Truncation discards information. The SapBERT and Ollama encoders pack semantic meaning across all 768 dimensions, and lopping off the tail loses the long-range feature interactions that distinguish similar-but-different concepts.

With the move to Ollama, we expanded to 768 dimensions — the encoder's native width:

New (768-dim):
[0-32]: Demographics (32)
[32-224]: Conditions (192) ← 50% more capacity
[224-320]: Measurements (96) ← 50% more capacity
[320-512]: Drugs (192) ← 50% more capacity
[512-672]: Procedures (160) ← 67% more capacity
[672-768]: Genomics (96) ← 50% more capacity

The pgvector column was altered from vector(512) to vector(768), the IVFFlat index was rebuilt, and the migration file was updated to reflect the new dimension for fresh installs.

Demographics and Measurements: Numeric, Not Encoded

Two of the six dimensions don't use the language model at all:

Demographics (32 dims): Age is normalized (age_bucket / 20), gender is encoded as +1 (male) / -1 (female) / 0 (unknown), and race uses one-hot encoding in dims 2-31 mapped to OMOP race concept IDs (8516=Black, 8527=White, 8515=Asian, etc.). This is simple, deterministic, and doesn't need a language model.

Measurements (96 dims): Lab z-scores are clipped to [-5, 5], normalized to [-1, 1], and packed directly into the vector. The z-scores come from population-level statistics computed per source: for each measurement concept, we compute mean and standard deviation across all patients, then express each patient's value as a distance from the population mean. A hemoglobin of 7.2 g/dL means different things depending on whether the population average is 8.5 (critical) or 14.0 (severely anemic).

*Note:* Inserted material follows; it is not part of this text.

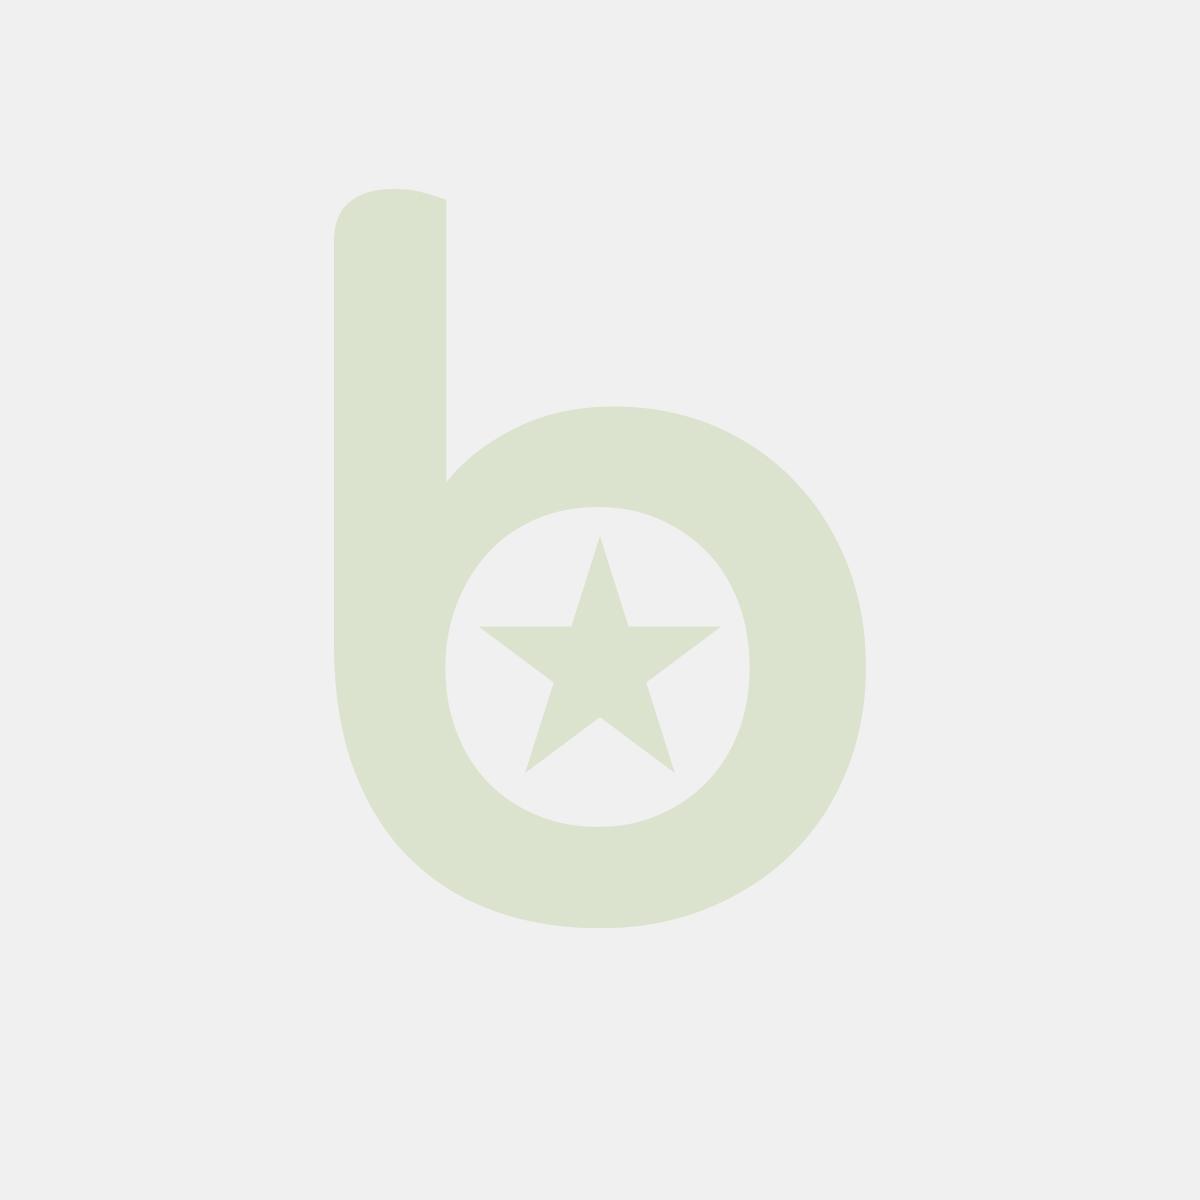 Torba klockowa biała 320/220/245 z uchem płaskim (szerokie dno)

The remaining four dimensions — conditions, drugs, procedures, and genomics — are encoded through Ollama. OMOP concept IDs (integers) are passed as text strings to the embedding model, which maps them into dense semantic space. Related concepts cluster together: metformin and insulin share neighborhood structure; KRAS and TP53 occupy nearby regions of the genomics subspace. Mean pooling across all concepts in a dimension produces a single representative vector for that clinical aspect of the patient.


The 123x Speedup: Batch Deduplication

The original pipeline processed patients one at a time. Each patient triggered four Ollama calls — one per encoded dimension (conditions, drugs, procedures, genomics). For a batch of 200 patients, that's 800 Ollama calls.

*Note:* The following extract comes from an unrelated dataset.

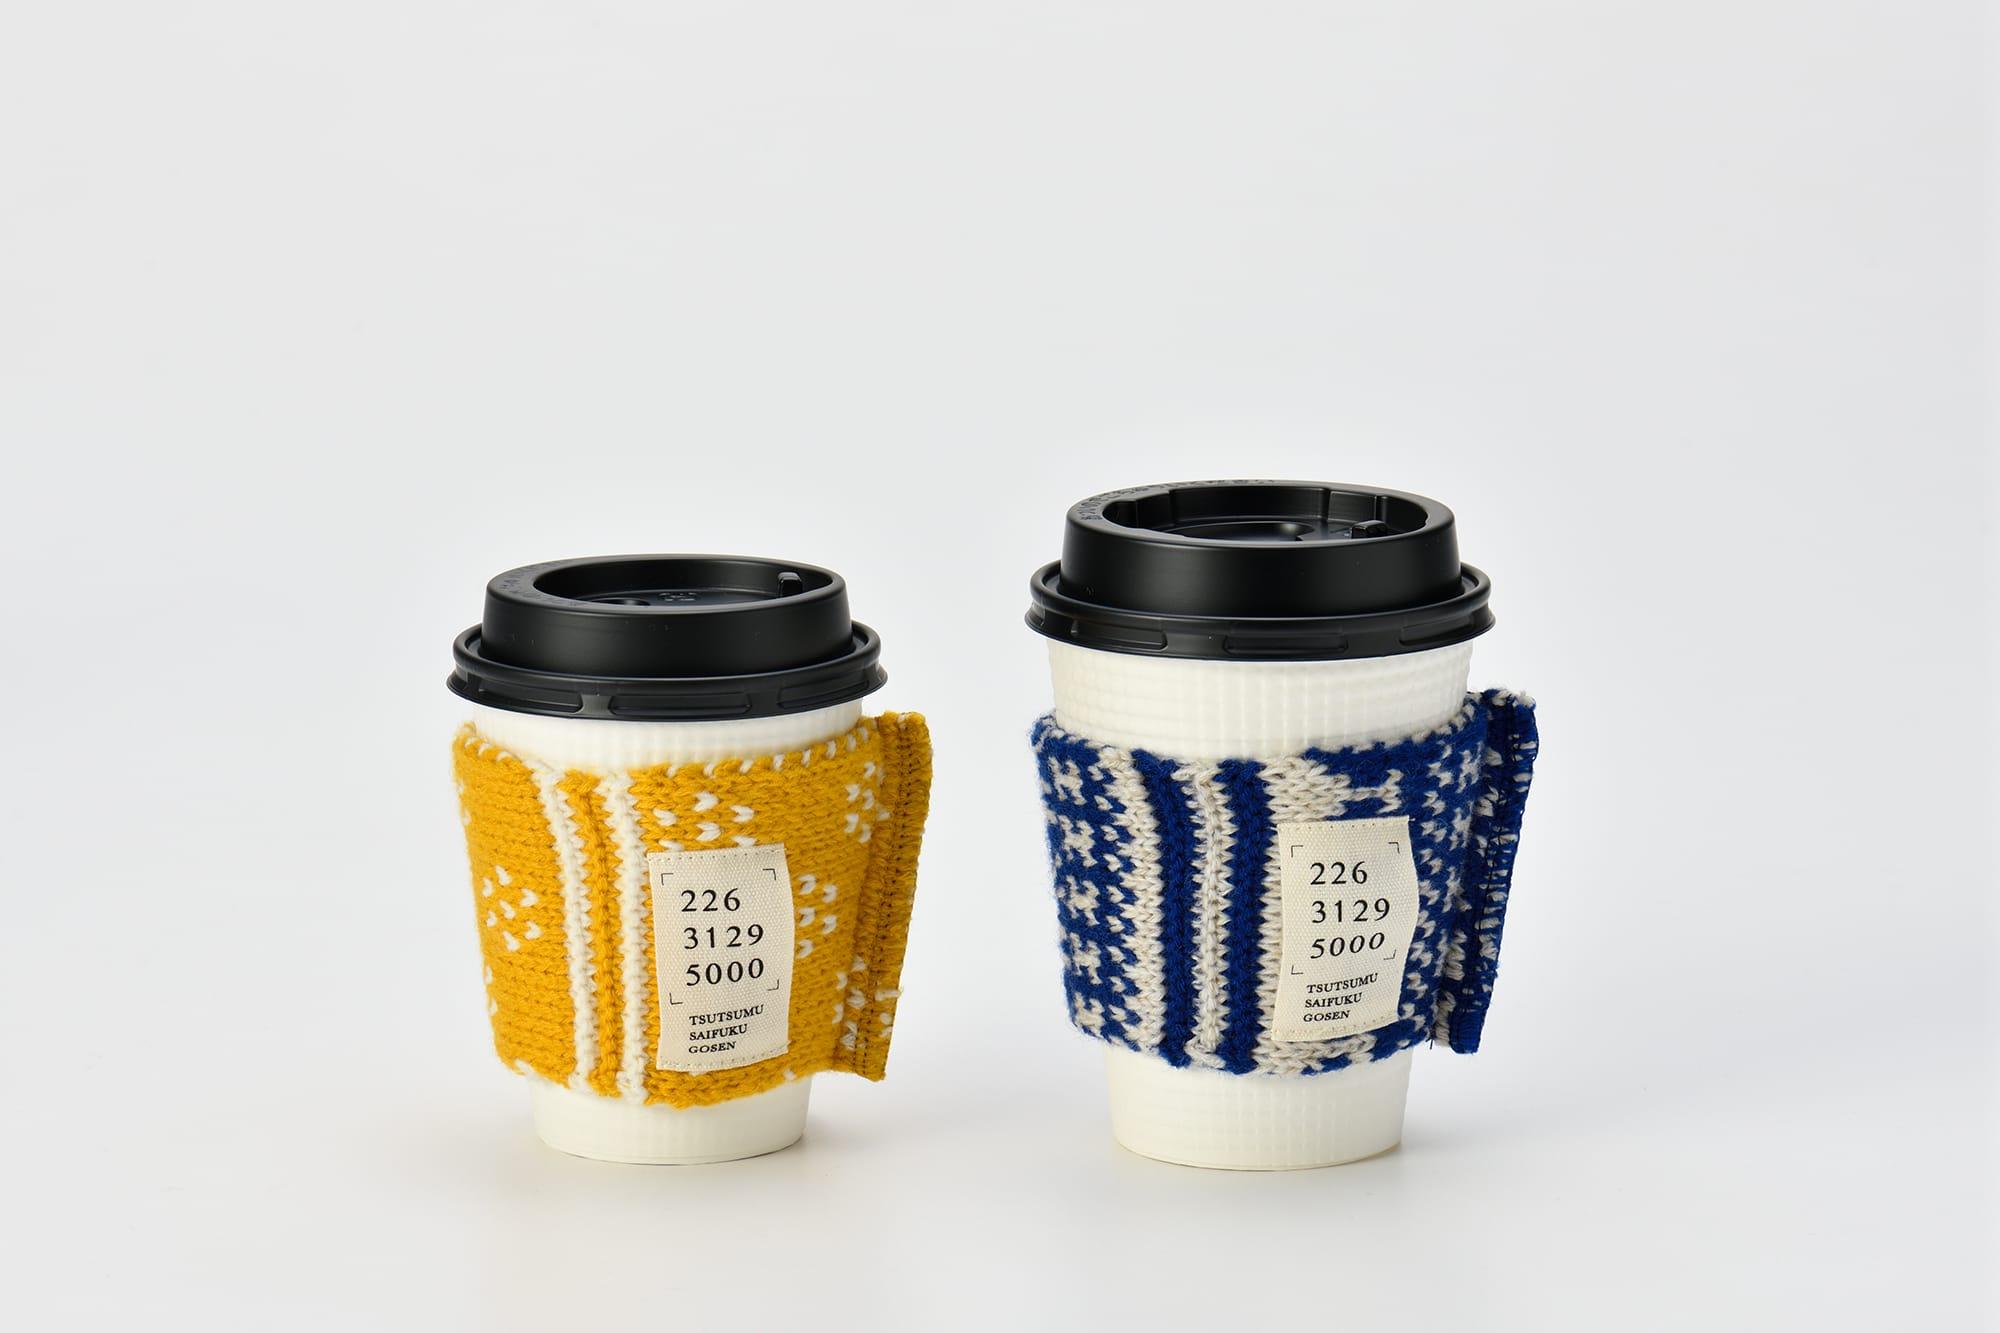 熱々のコーヒーカップをつつんで持ち歩けるニットホルダー。ほっとをつつむシリーズ1,430円(税込)

But patients share concepts. In a cancer registry, most patients have the same core ICD-10 codes, the same standard-of-care medications, the same diagnostic procedures. A batch of 200 patients might reference 15 unique condition concepts, not 200 × 10 = 2,000.

The batch-optimized path exploits this:

def compute_patient_embeddings_batch(patients: list[dict]) -> list[list[float]]:
"""4 Ollama calls per batch, not 4 per patient."""

for field, slc in dim_configs:
# Collect ALL unique concepts across ALL patients
all_unique_texts = deduplicate(patients, field)

# ONE encoding call for all unique concepts
all_embeddings = svc.encode(all_unique_texts)

# Mean-pool per patient using shared lookup
for i, patient in enumerate(patients):
indices = [text_to_idx[t] for t in patient_texts[i]]
embeddings[i, slc] = all_embeddings[indices].mean(axis=0)

Instead of 800 Ollama calls for 200 patients, we make 4 calls (one per dimension) with 15-50 unique texts each. The encoding is done once; the per-patient work is just numpy indexing and mean pooling.

Benchmark results:

ApproachBatch of 200RateOllama Calls
Per-patient (old)14.1s14 patients/sec800
Batch dedup (new)0.1s1,743 patients/sec4
Speedup123x200x fewer calls

The actual throughput for the full Acumenus CDM run settled at ~130 patients/sec sustained — lower than the benchmark because real patient data has more concept diversity than synthetic test data, and the database UPDATE operations add I/O overhead. But 130/sec on a million patients is still roughly 2 hours, compared to the ~18 hours the per-patient approach would have taken.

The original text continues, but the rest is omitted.